List of Configuration Properties

General Properties

  • flowman.spark.enableHive (type: boolean) (default:true) If set to false, then Hive support will be disabled in Flowman.
  • flowman.home (type: string) Contains the home location of the Flowman installation. This will be set implicitly by the system environment variable FLOWMAN_HOME.
  • flowman.conf.directory (type: string) Contains the location of the Flowman configuration directory. This will be set implicitly by the system environment variable FLOWMAN_CONF_DIR or FLOWMAN_HOME.
  • flowman.plugin.directory (type: string) Contains the location of the Flowman plugin directory. This will be set implicitly by the system environment variable FLOWMAN_PLUGIN_DIR or FLOWMAN_HOME.
  • flowman.hive.analyzeTable (type: boolean) (default:true) If enabled (i.e. set to true), then Flowman will perform a ANALYZE TABLE for all Hive table updates.
  • flowman.impala.computeStats (type: boolean) (default:true) If enabled (i.e. set to true), then Flowman will perform a COMPUTE STATS within the Impala Catalog plugin whenever a Hive table is updated. The REFRESH statements will always be executed by the plugin.
  • flowman.externalCatalog.ignoreErrors (type: boolean) (default:false) If enabled (i.e. set to true), then Flowman will ignore all errors from external catalogs like Impala. This is desired in many cases, such that these will not block processing.

Workarounds

Sometimes some workarounds are required, especially for non-quite-open-source Big Data platforms.

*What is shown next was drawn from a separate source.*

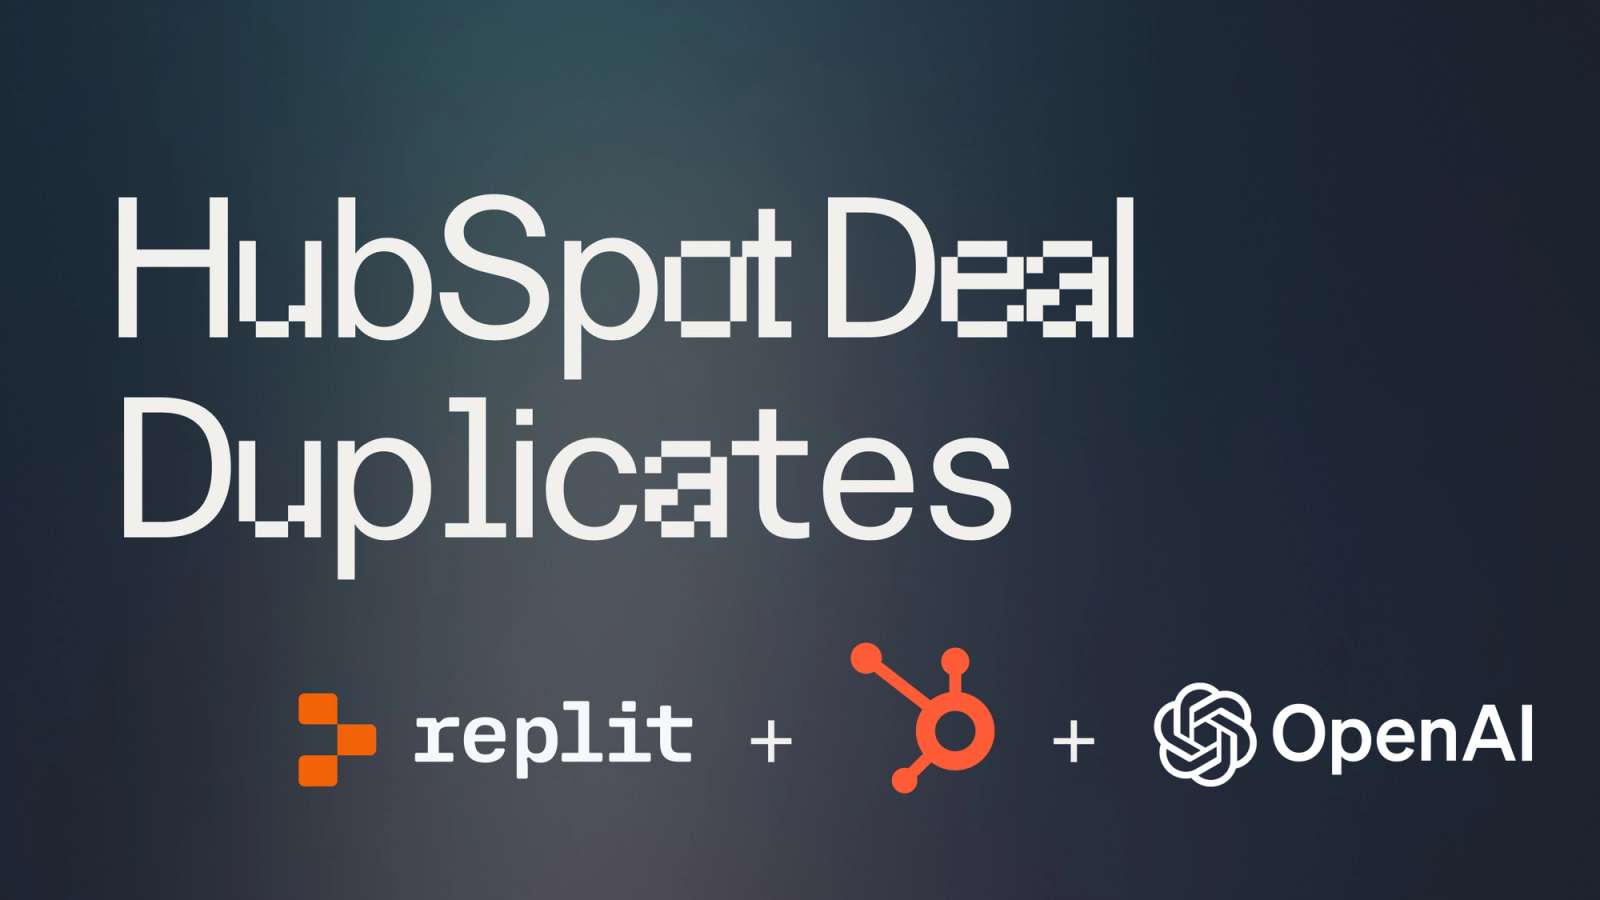 "HubSpot Deal Duplicates" title with Replit, HubSpot, and OpenAI logos in bottom-right corner

  • flowman.workaround.analyze_partition (type: boolean) (since Flowman 0.18.0) Enables a workaround for CDP 7.1, where ANALYZE TABLES wouldn’t always work correctly (especially in unittests). The workaround is enabled per default if the Spark version matches ?.?.?.7.?.?.?.+ (i.e. 2.4.0.7.1.6.0-297) AND if the Spark repository url contains “cloudera”.

Example

You can set the properties either at namespace level or at project level in the config section as follows:

# default-namespace.yml

config:
  # Generic Spark configs  
  - spark.sql.suffle.partitions=20
  - spark.sql.session.timeZone=UTC
  # Flowman specific config  
  - flowman.workaround.analyze_partition=true
  - flowman.default.relation.migrationStrategy=FAIL